Dalmi Defanti, fundador da Gráfica Print e especialista em assuntos gráficos, demonstra como a tecnologia vem transformando diferentes etapas da produção no setor gráfico. Embora a modernização esteja frequentemente associada à aquisição de máquinas mais avançadas, uma operação realmente eficiente depende de fatores que vão além dos equipamentos. Processos organizados, informações integradas e profissionais preparados para utilizar os recursos disponíveis também são fundamentais para que a transformação digital produza resultados concretos.
Nesse contexto, investir em novas tecnologias pode ampliar a capacidade produtiva e trazer ganhos de eficiência, mas não elimina problemas que surgem antes mesmo de a produção chegar às máquinas. A modernização precisa estar conectada à forma como a empresa organiza seus processos e utiliza as informações para tomar decisões, criando uma estrutura capaz de aproveitar todo o potencial dos recursos tecnológicos. Saiba mais a seguir!
O primeiro passo é entender onde estão os problemas
Uma gráfica pode ter equipamentos atualizados e continuar enfrentando atrasos, retrabalho ou desperdícios. Isso acontece quando a tecnologia é incorporada sem que os processos anteriores sejam avaliados. Automatizar uma etapa desorganizada apenas faz com que o mesmo problema aconteça com maior velocidade. Antes de buscar uma solução tecnológica, é necessário entender se a dificuldade está na ferramenta utilizada ou na maneira como o trabalho foi estruturado.
Em vista disso, como informa Dalmi Defanti Cuiabá, antes de investir, é necessário observar o caminho completo de um pedido. O fluxo pode envolver atendimento, orçamento, aprovação, preparação do arquivo, produção, acabamento e entrega. Se informações são perdidas entre essas etapas, o gargalo não está necessariamente na capacidade da máquina. Uma falha na comunicação entre setores pode provocar retrabalho, mesmo quando todos os equipamentos envolvidos apresentam bom desempenho.

Essa análise também ajuda a separar problemas pontuais de questões estruturais. Quando uma falha aparece repetidamente em diferentes pedidos, pode haver uma oportunidade de reorganização que precisa ser tratada antes da escolha de qualquer nova tecnologia. Mapear essas ocorrências permite direcionar investimentos para pontos que realmente interferem na produtividade e evitar gastos com recursos que não resolvem a origem do problema.
Processos precisam conversar entre si
Uma operação inteligente depende da circulação adequada de informações. Quando cada etapa utiliza sistemas ou controles isolados, a equipe pode precisar repetir dados, conferir informações manualmente ou buscar atualizações em diferentes lugares. Além de consumir tempo, essas interrupções aumentam a possibilidade de informações divergentes chegarem às etapas seguintes da produção.

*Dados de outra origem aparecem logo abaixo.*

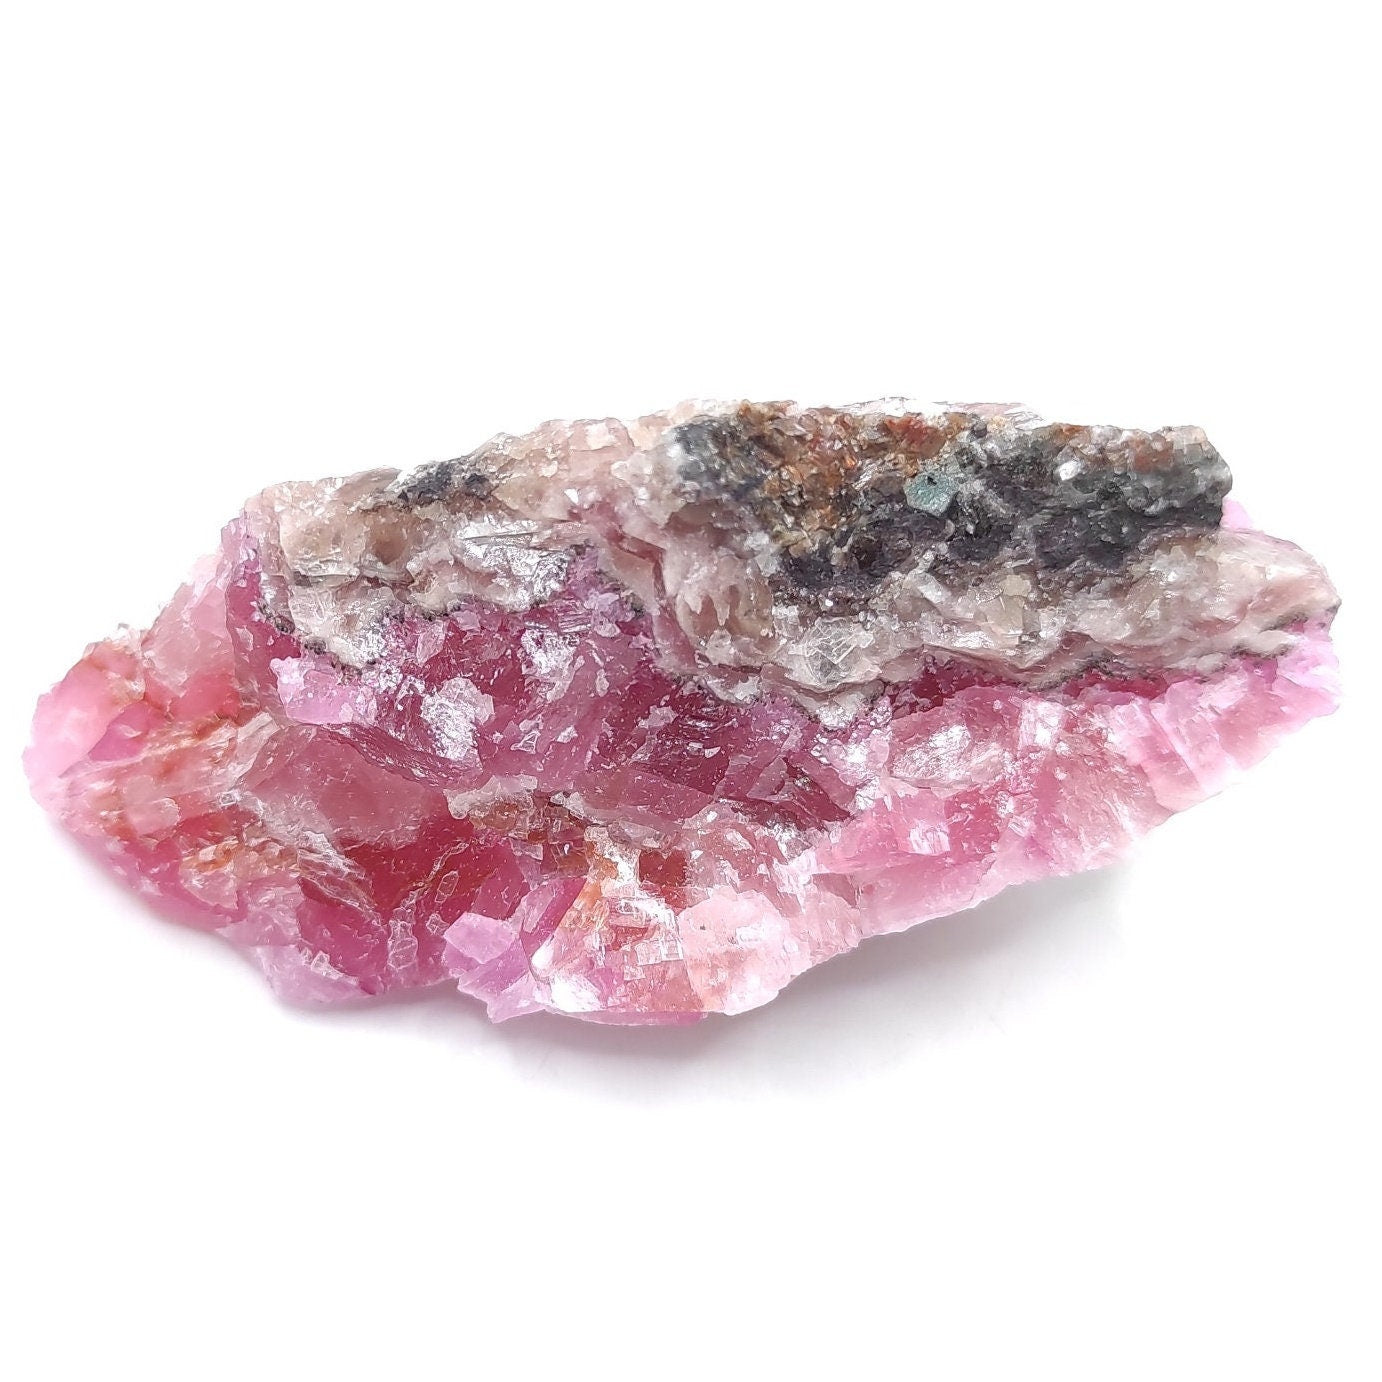 40g Cobalto Calcite - Pink Cobalt Calcite from Bou Azzer, Morocco - Salrose Stone - Cobaltocalcite Mineral Specimen - Pink Calcite Crystal

A integração permite reduzir essas rupturas. Um pedido iniciado no atendimento pode carregar informações para as etapas seguintes, diminuindo a necessidade de novos registros e facilitando o acompanhamento do trabalho. O objetivo não é simplesmente acumular sistemas, mas fazer com que eles contribuam para um fluxo mais consistente. Quando os dados acompanham o pedido de maneira organizada, a equipe consegue identificar mudanças, acompanhar prazos e agir com maior previsibilidade.
Tal como menciona Dalmi Defanti, esse ponto é especialmente relevante no setor gráfico porque a produção envolve diferentes etapas que precisam manter coerência. Uma alteração feita no início do processo pode afetar o resultado final, tornando a comunicação entre áreas parte importante da eficiência operacional. Quanto mais conectado estiver o fluxo de informações, menor tende a ser a dependência de conferências manuais para manter cada etapa alinhada ao que foi originalmente solicitado.
De que adianta automatizar sem preparar a equipe?
A mudança tecnológica também altera a rotina dos profissionais. Uma máquina ou sistema novo pode executar tarefas de maneira diferente, exigir novas configurações ou gerar informações que antes não estavam disponíveis. Sem preparação, o investimento pode ficar abaixo do potencial esperado. Além disso, mudanças mal compreendidas podem gerar resistência, uso inadequado dos recursos e dependência excessiva de poucos funcionários que dominam a nova tecnologia.
Capacitação não significa apenas ensinar os comandos de uma ferramenta. De acordo com Dalmi Defanti, a equipe precisa compreender por que determinado processo mudou, quais indicadores devem ser acompanhados e como agir quando o sistema apresentar uma situação fora do padrão. Esse entendimento permite que os profissionais participem da transformação de forma mais ativa e consigam identificar problemas que exigem avaliação humana.